In his keynote speech at the Boao Forum for Asia in March 2019, Premier Li Keqiang said China is more than determined to further open up its economy, including its financial market, in the new era, and provided a timeline for some specific measures to be adopted to improve the business environment to attract more foreign capital.
For all foreign financial institutions, China’s financial market is definitely appealing and its further opening-up could be one of the next major global trends, said experts in the financial industry.
According to the data published by the National Bureau of Statistics of China, in 2019, China’s financial industry generated an added value of 7707.7billion yuan ($1107.6 billion), up 7.2 percent compared with the previous year, accounting for 7.8 percent of its GDP.

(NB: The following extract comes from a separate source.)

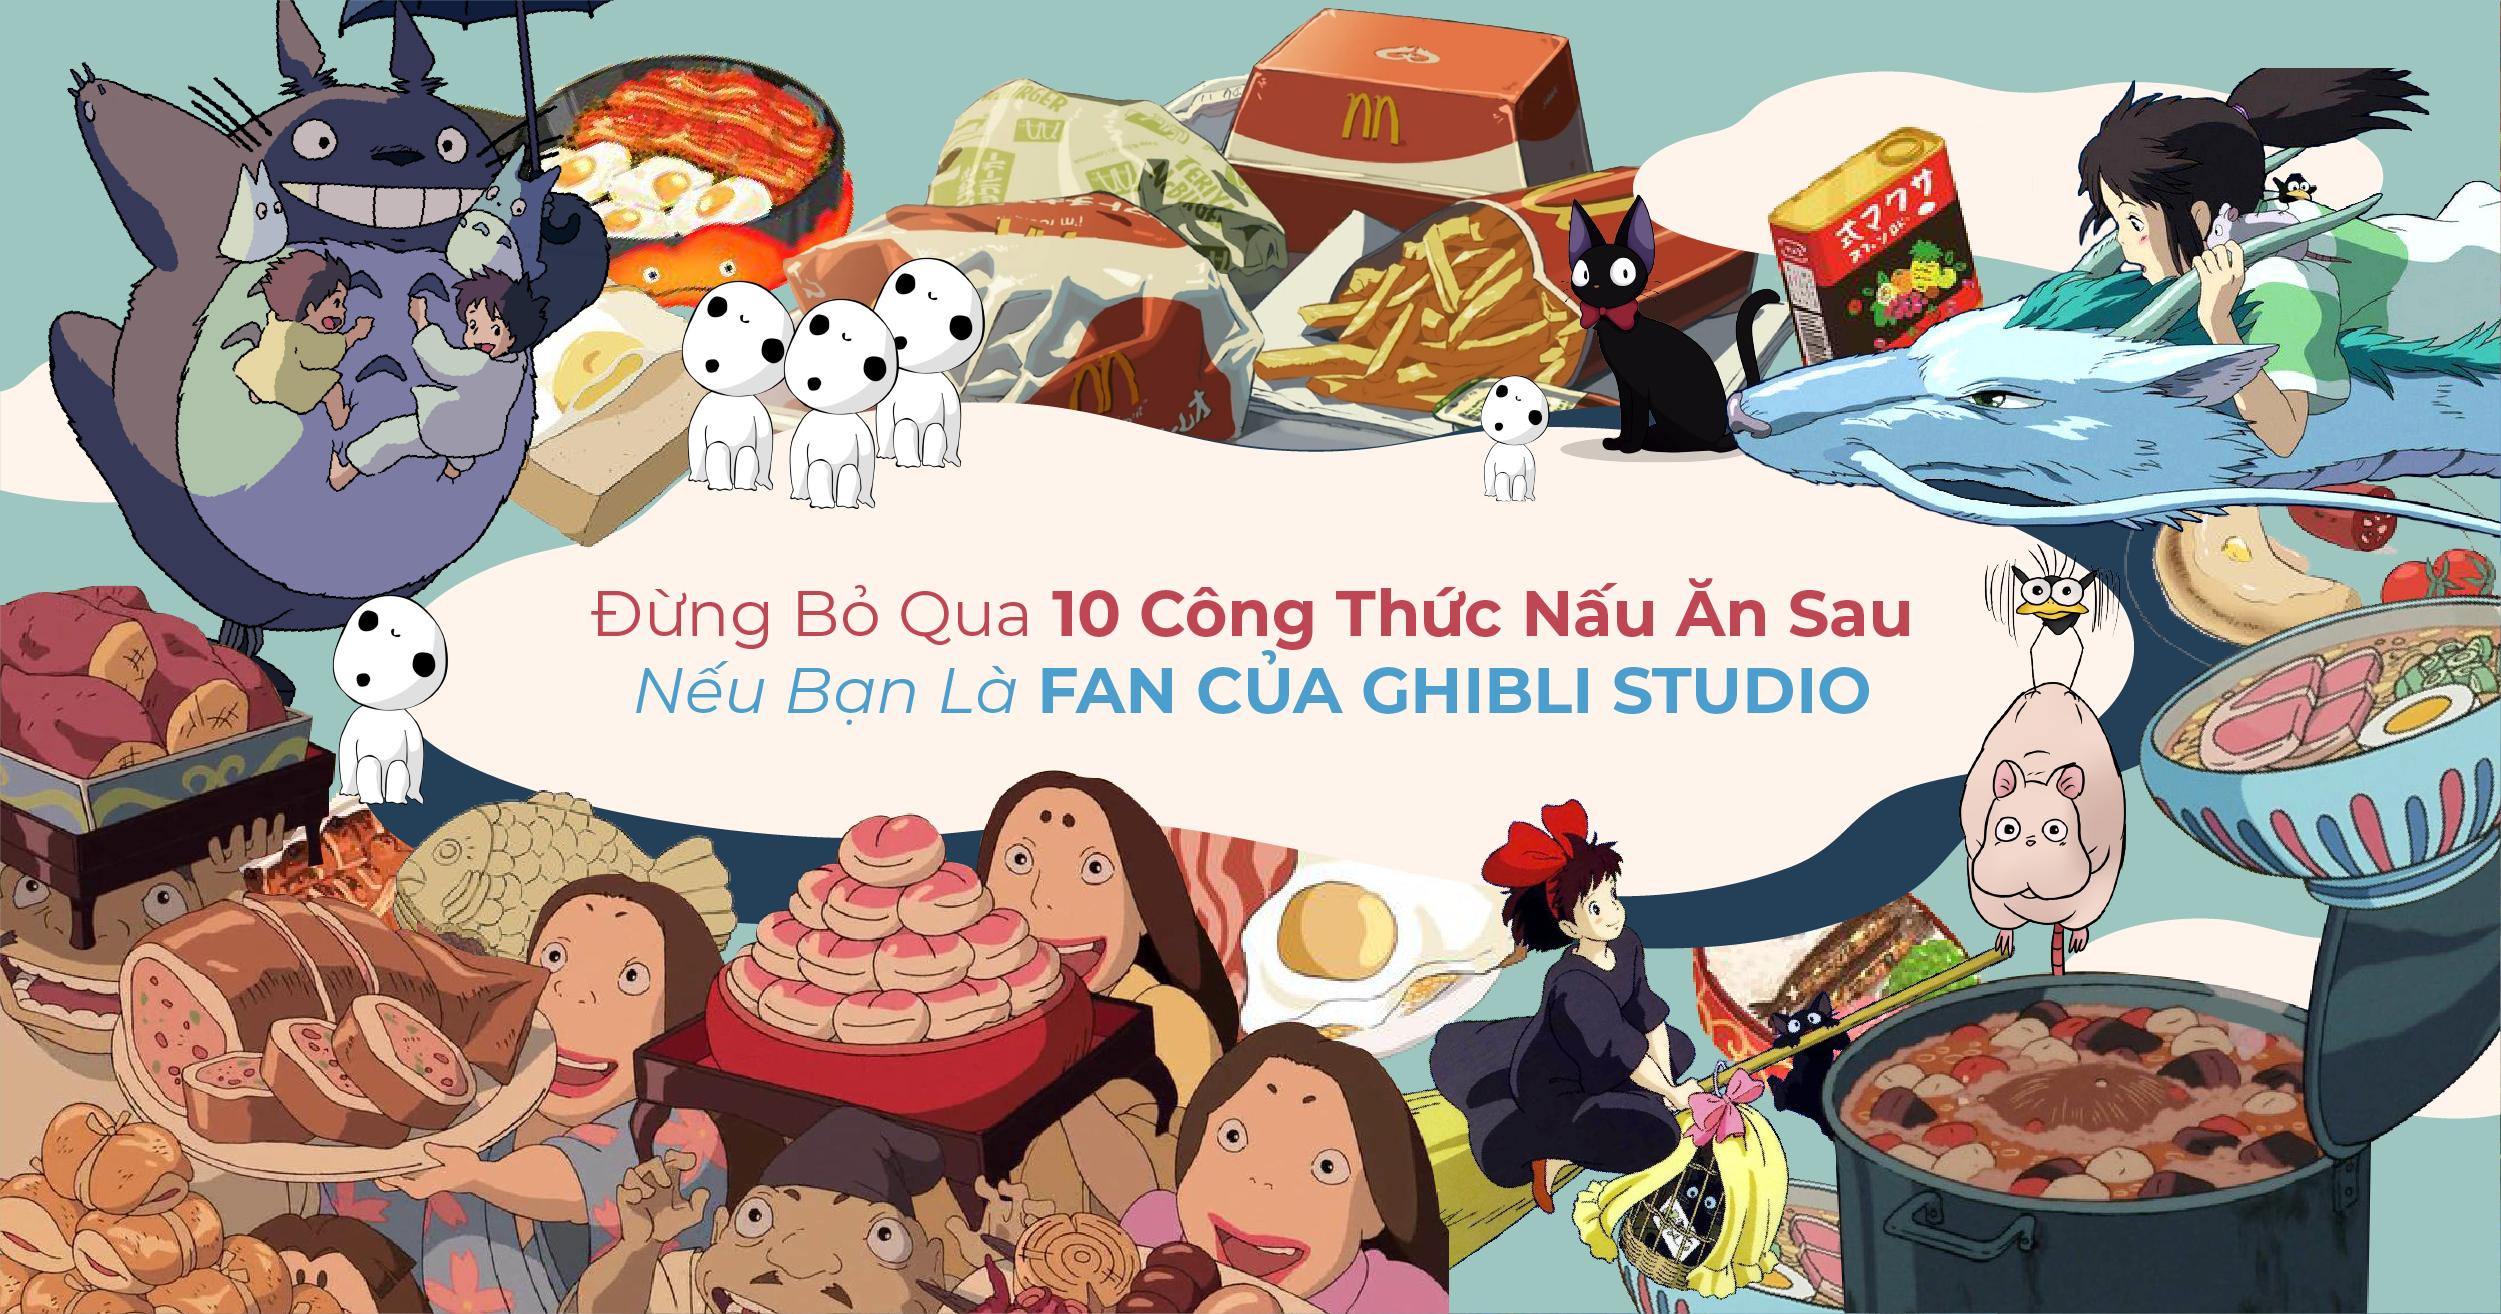 """""""Biến Hoá"""" Bữa Cơm Gia Đình Với 10 Món Ăn Trong Anime Ghibli"""

By the end of 2019, the total assets of China's financial institutions reached 318.69 trillion yuan, with year on year growth of 8.6 percent.
The benchmark Shanghai Composite Index gained 22.3 percent in 2019, its best annual performance since 2014. The Shenzhen Component Index also rallied 44.08 percent in the past year, the biggest annual gain in nearly 10 years.
Along with the booming is a series of policies announced in recent years to offer more opportunities for foreign capital in the financial sector.
The measures include revising regulations on foreign banks and allowing more participation of foreign institutions in credit rating business and the bond market.
The country will lift foreign ownership limits on securities, fund management and futures companies by 2020, a year ahead of schedule, said the State Council's Office of Financial Stability and Development Committee.
Tang Shengbo, head of China financials research at Nomura, said: “Foreign investors are now willing to invest in China's financial market, and the country is removing regulatory barriers to foreign investment. As the financial market is comprehensively opening up in many sectors including insurance, asset management and mutual funds, there is a lot to do for foreign investors in different business segments.”
Jin Keyu, an associate professor of economics at the London School of Economics, believes China's financial opening-up could be hugely significant for the world.
"It is one of the last liberalizations that China needs to do, and given the size of the country, it will be important for the world because China will be integrated, not just through trade, but also through capital flows," Jin said.